You have made a lot of your career as a blogger. Clearly, for us today as for the ad men of the '60s, the proliferation of new media platforms and their impact are a key concern. What did the growth of television advertising mean for the 1960s, and what can the experience of the '60s teach us about dealing with new media today?

In the '60s, [TV] commercial advertising was nascent. It was really the '70s when things kick off. But what you can see in Mad Men is what everyone's attitude toward television is. If in conversations the characters are resistant to taking their commercials seriously, you know that they're not going to last. I think what they have to do—and what we have to do with new media now—is play to the strengths of the medium. With advertising in magazines, the strength of the medium is that you have an ability to have beautiful lush photography and some text at the bottom. With billboards, you have an ability to surprise people. With TV, you have an ability to show movement. In terms of the Internet and how companies use it now, I think you want to play to the strengths of it. One strength is that online advertising is instant—there's instant gratification. If you have a good ad up, you should have a button to click on the product immediately so that there's no thinking.

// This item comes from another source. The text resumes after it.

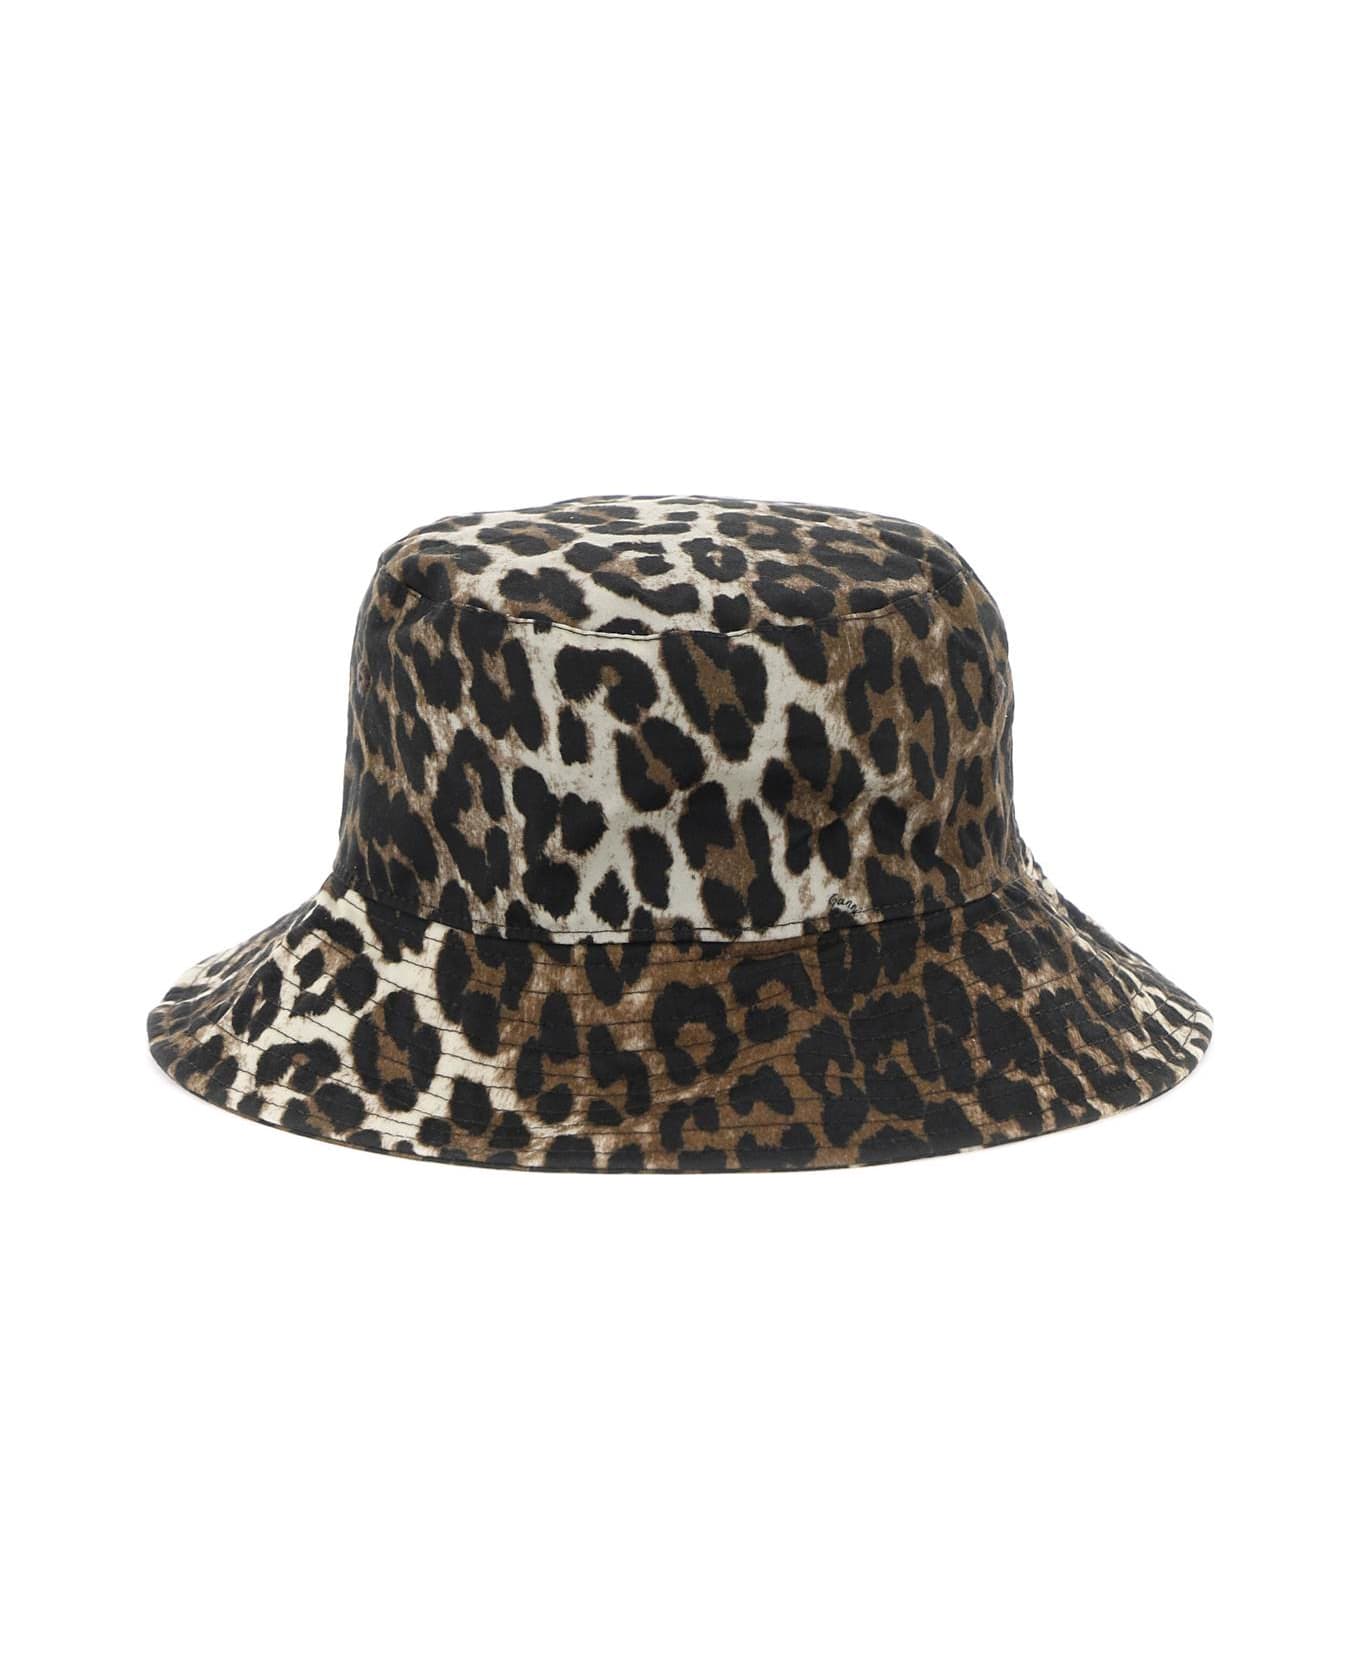 Barbour Waxed Leopard Bucket Hat - LEOPARD PRINT (Brown)

Though the men at Sterling Cooper are the ones who call the shots, the women are often the ones pulling the strings. How was the business world changing for women in the 1960s?

You have this very interesting moment right before the women's liberation movement. What that means is that these women, who are established in the workforce in their mid-30s, are going to get really angry. What was happening in '61, '62 was that men were now established back at home, but there was that taste in the air of what women's complete independence felt like during the war. As you have women entering the workforce, the expectations all get a little scrambled. Once women have access to money, to wages, and to consumer power, what leverage do men have at that point? I think what happened was the population advanced way quicker than the culture was ready to adapt. That's why you get a sexual revolution, that's why you get rebellion. You are still kind of existing under an Eisenhower patriarchy, which does not work when you have women in the workforce who have spending power and want to get laid and have the pill.

Season four will most likely place the men and women of Sterling Cooper Draper Pryce in the fall of 1964. What can we expect to see happen to the cultural and business landscape of America in the coming season?

One of the big things that happened at the beginning of that year was that the surgeon general came out and said that smoking is bad for you, which had never been said by the government. Then the Federal Trade Commission comes out and says, during the summer, that there needs to be a warning on every pack. Seeing as how Sterling Cooper Draper Pryce's one big account is Lucky Strike, I think that's going to cause some trouble for them. They'll have to come up with a whole other ideology to effectively market cigarettes. Also, by 1964 Beatlemania is in full tilt—rock and roll has landed! I think if they're smart, [characters like] Pete Campbell or Peggy will say that it will be financially lucrative to start selling lunchboxes instead of cigarettes, because if there's anything we know now, it's that the tween market is not to be underestimated.